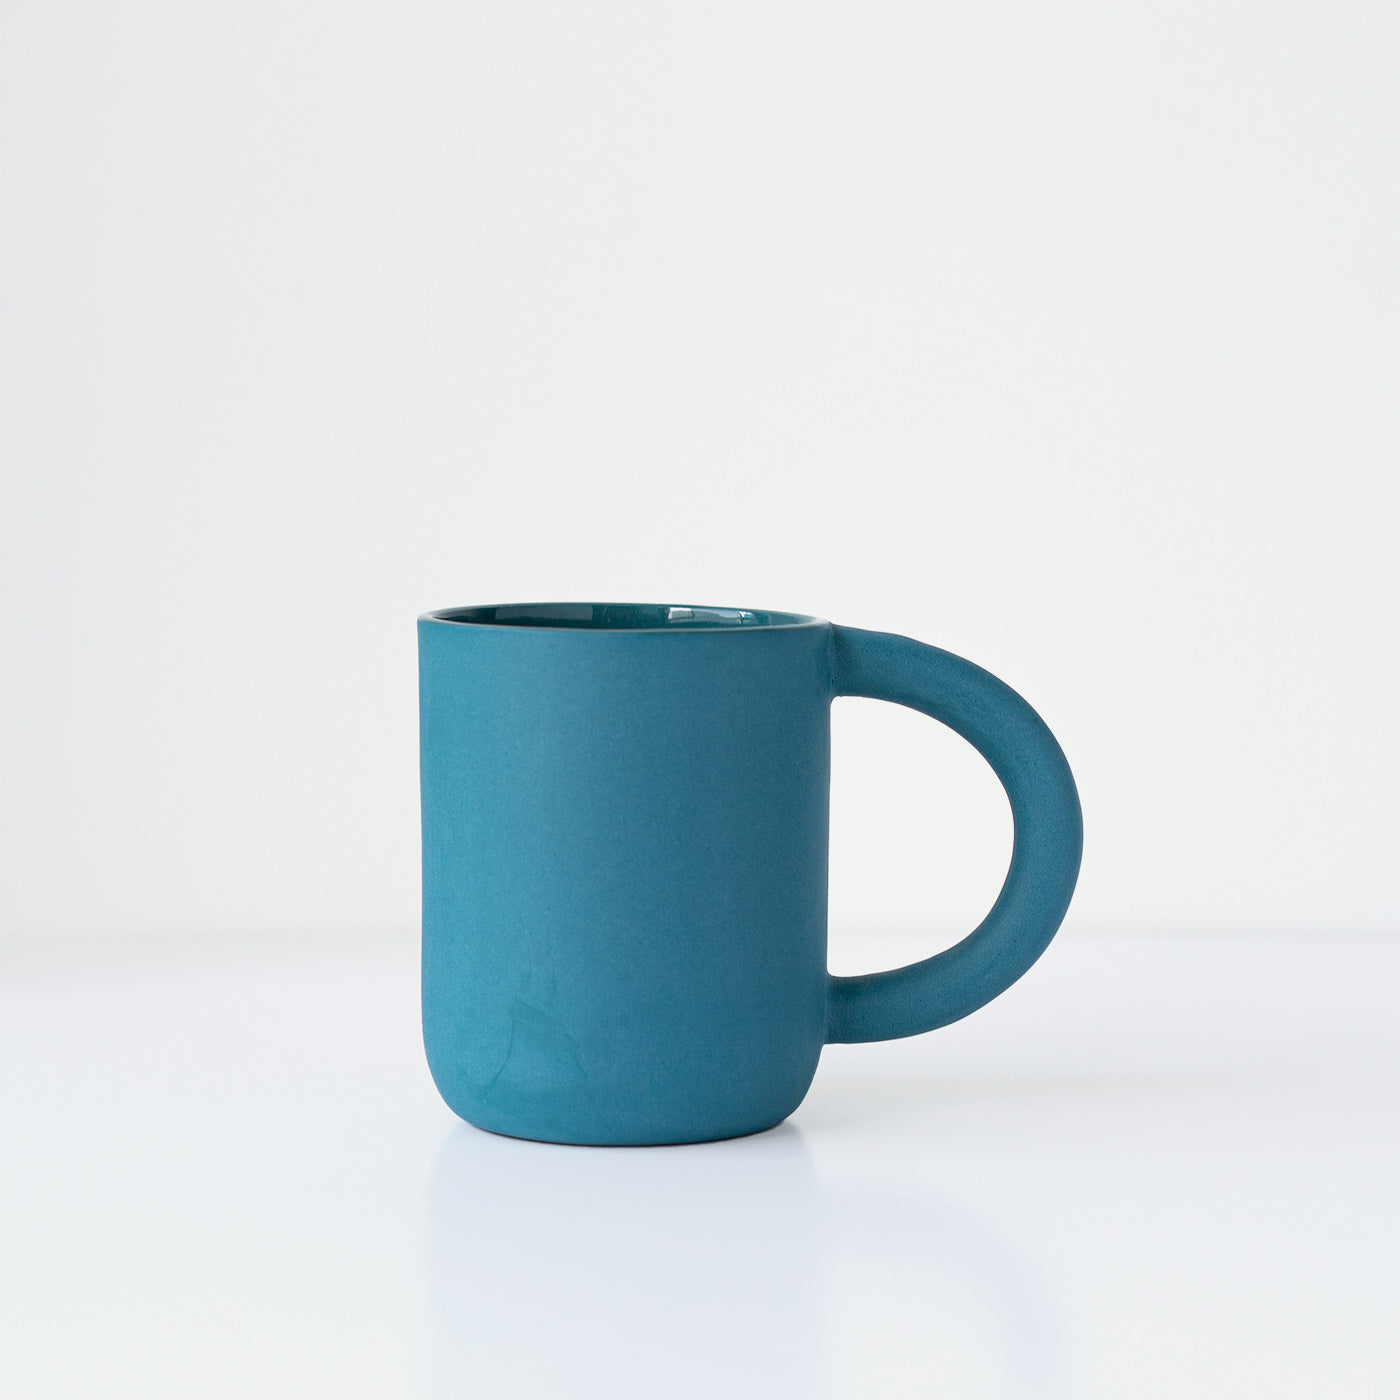 laureanne kootstra design hand made ceramic blue porcelain mug
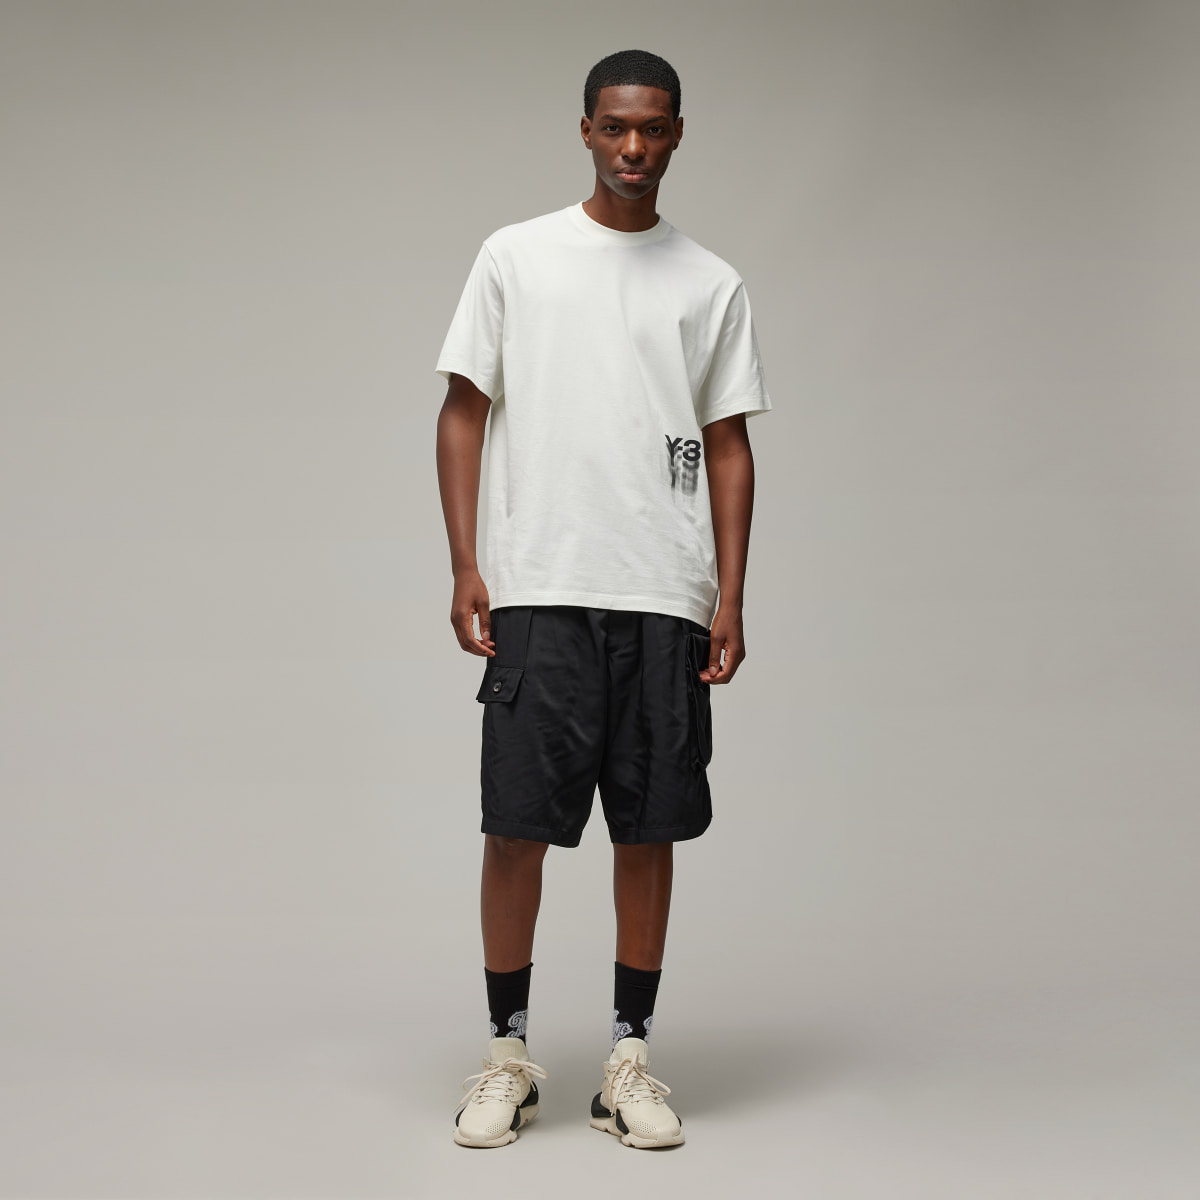 Adidas Koszulka Y-3 Graphic Short Sleeve. 4
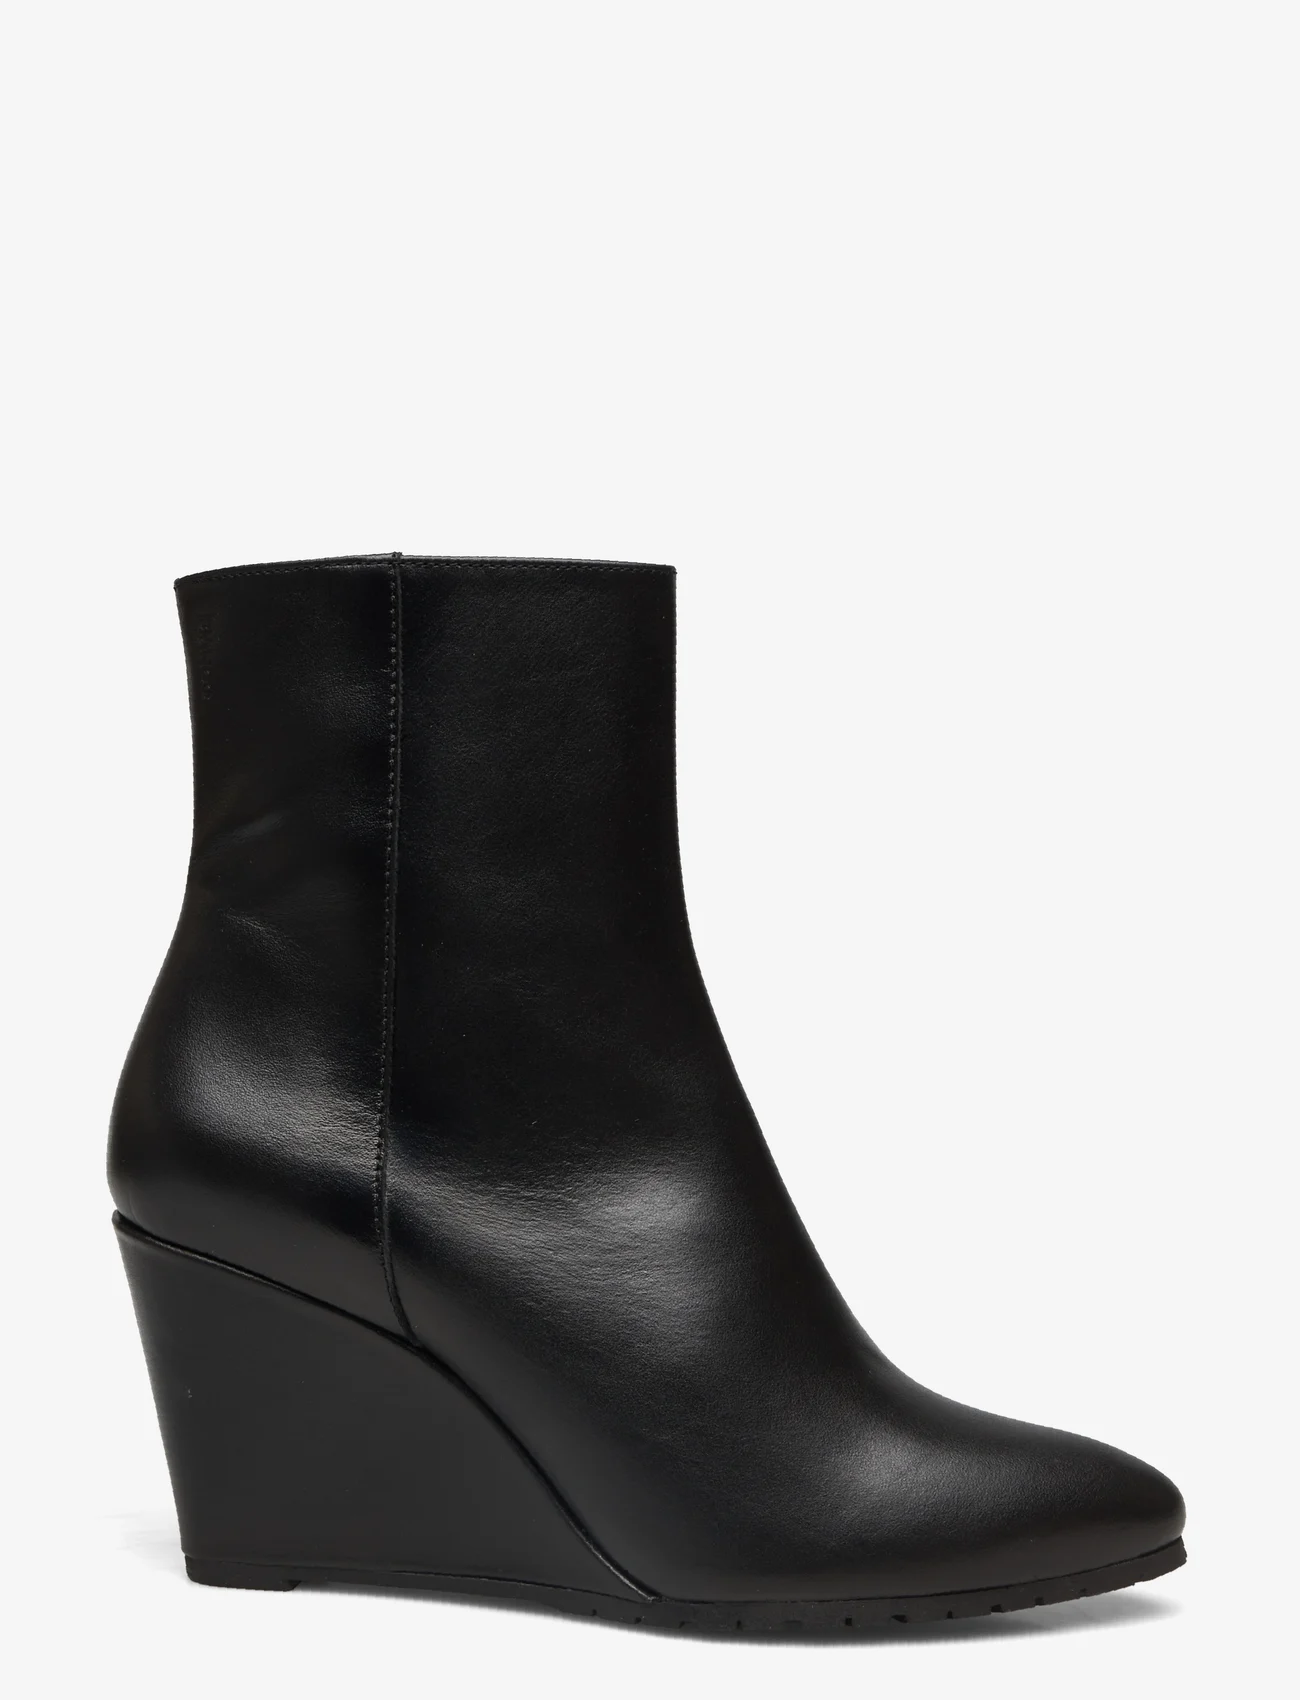 Bianco - BIATINA Wedge Ankle Boot Crust - high heel - black - 1
################
Keeping pictures out, repeat exactly the lines from the one containing "Adidas Koszulka Y-3 Graphic Short Sleeve. 4" through the end of the listing.

 Adidas Koszulka Y-3 Graphic Short Sleeve. 4
 Bianco - BIATINA Wedge Ankle Boot Crust - high heel - black - 1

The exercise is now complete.